第33話 町長・・・

第33話




「またせた。ワインをふるまってくれるときいたのだが」


なにおごってもらう気まんまんなんだ。

試飲だよ。試飲。



「試飲をお願いしたんです。お店で売るのに感想を聞かせてほしくて。

1ランク上のワインを1本もってきたので是非意見をききたとおもって」


「ワンランク上のワインだと」

町長の目が光った。



「早く飲もう!今日は宴会だ! 父が亡くなり貧乏町長を引き継いで苦節3年!

 このまま永遠にエールすら飲むことも出来ずに 職務を全うするだけだと思っていたがカレーと出会い! 高級ワインに出会い!今日はもっと高級なワインを味わえるという! 町長やっててよかった!今日は宴会だ!」


町長が涙を浮かべてこぶしを握る。



「え、宴会はしませんよ」

宴会なんかやらないよ。

試飲だっての。



「「うう。わたしたちも秘書やっててよかった(確実に)」」

秘書ズも涙を浮かべてこぶしを握る。




俺はどうしたらいいんだ・・・



ほんとに不憫だなこの人たち。




町長ズはまともな生活してるのだろうか。


「もっと町が豊かになれば私たちも豊かになるんだが」

とつぶやいてたっけ。


町のために頑張っているんだろう。

気持ちは善良な町長だから。



1袋ずつ予備に買っておいたアンパンとクリームパンがあるのでそれを町長ズに上げよう。


試食用に3個ずつ使ってしまったからアンパン3個クリームパン3個だけど

ちょうど2個ずつになるし大丈夫か。



「これ今日売り出したふわふわパンです。

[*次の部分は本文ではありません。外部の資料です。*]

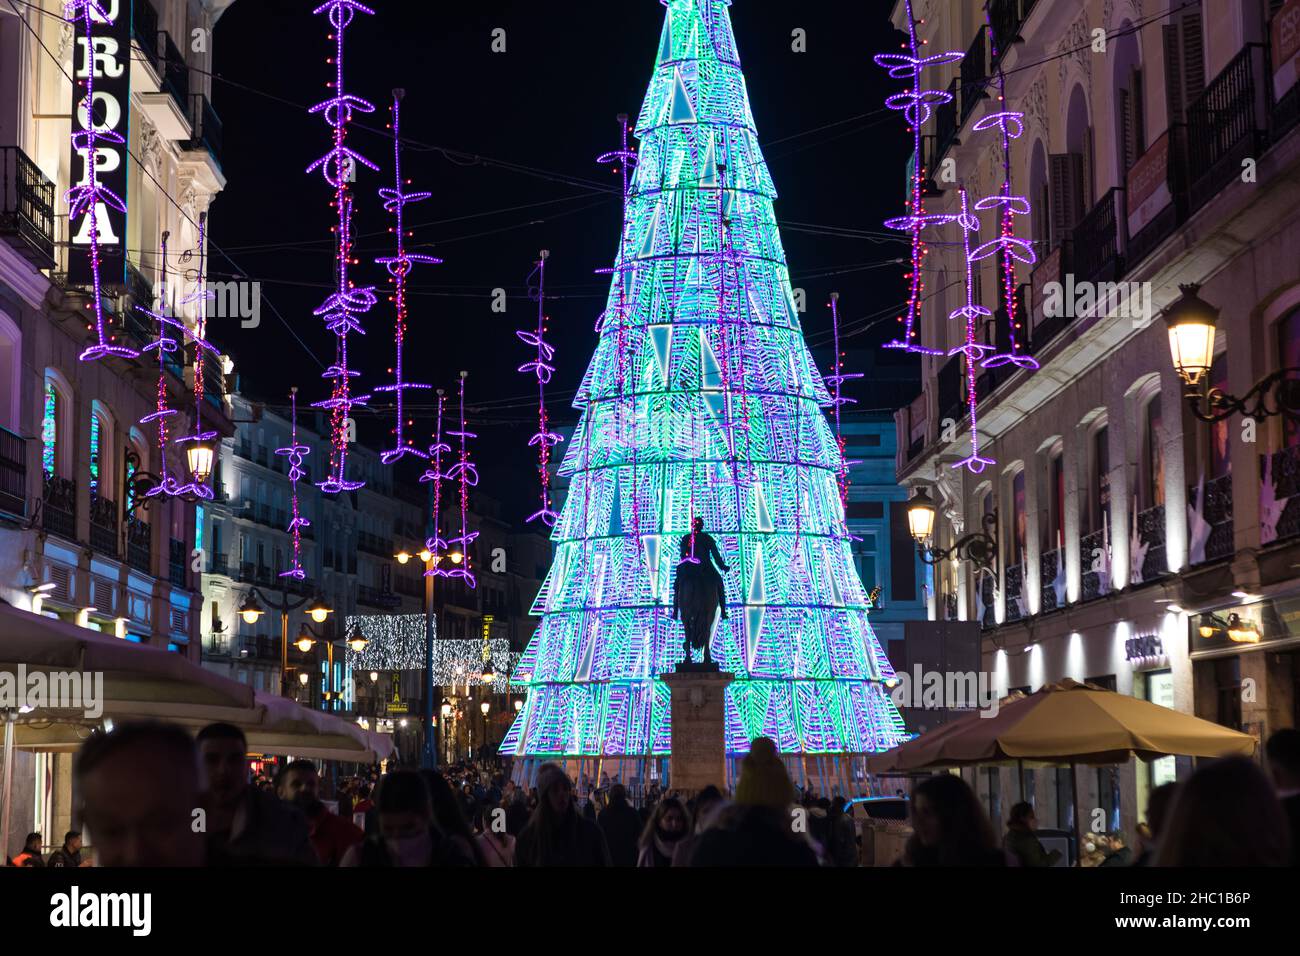 Madrid, Spain - December 13, 2021: Christmas lights shine on El Carmen street n Madrid, Spain. Stock Photo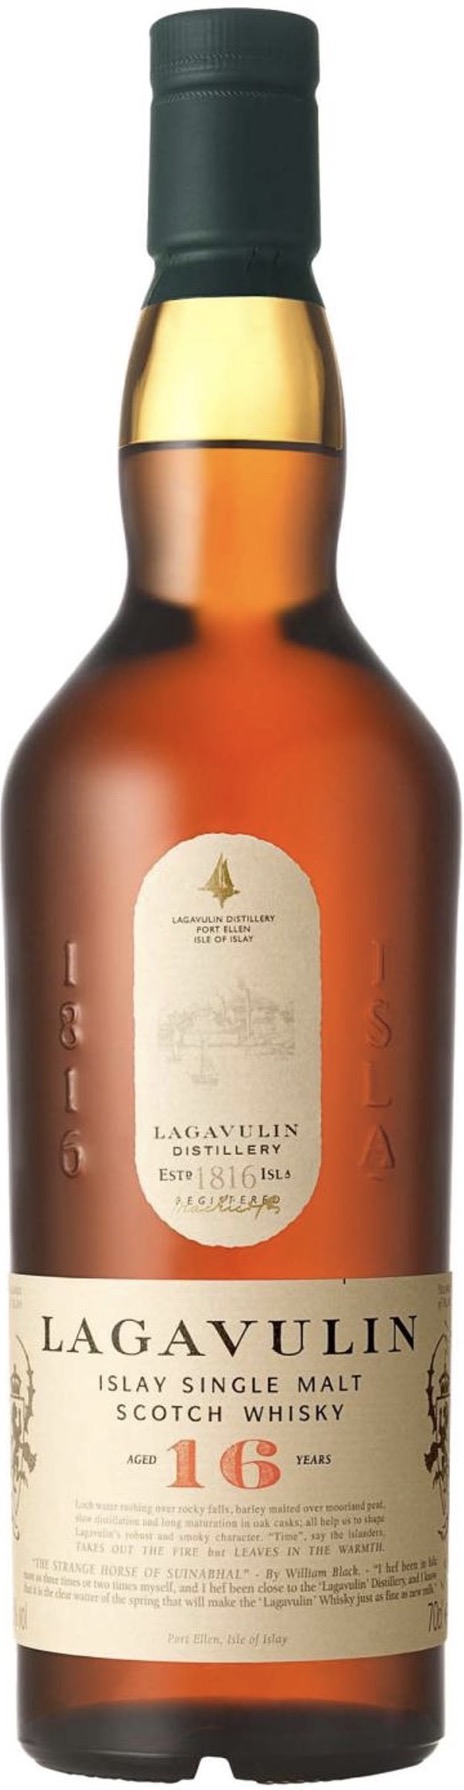 Lagavulin Islay Single Malt Scotch Whisky 16 Jahre 43% vol. 0,7L

3個ずつ合計6個あるので3人で分けてください」



町長の手が早かった。




すべて奪い取り、においをかいで「う~~ん」とうなっている。



「お前たちは1個でよかろう。のこり4つはわたしがもらいうけよう」


「チマキちゃん。ひどいですよ。わたしたちに偵察してこいっていったじゃないですか」


「そうです。確実にひどいです。屋敷の仕事は後回しにして何を売ってるか隠れて見て来いっていったじゃないですか」


秘書ズは泣きながら訴える。


路地から見張らせてた元締めはお前かよ。チマキ町長。

なにやらせてるんだよ。まったく。



「バラすんじゃない。それに公の場では町長と呼ぶように。ヘイサク殿これはだな・・あの・・その・・」



プライベートでは秘書ズにチマキちゃんって呼ばれてるのか。



「なにかあったときにすぐに対処できるように見守ってくれてたんですよね」


「そうだ!そうそう!見守っていたのだ。ヘイサク殿はわかってるな。うんうん」


町長ってこんな人だったのか。



カステラとケーキも出そうかと思ったが今回は見送ろう。



「では。チマキ町長。わたしたちにも労いをお願いします。パンは2つずつということで」

「確実に2つずつで」


「わ、わかった」


町長はしぶしぶ了承した。




それがいいよな。


なかよく分けよう。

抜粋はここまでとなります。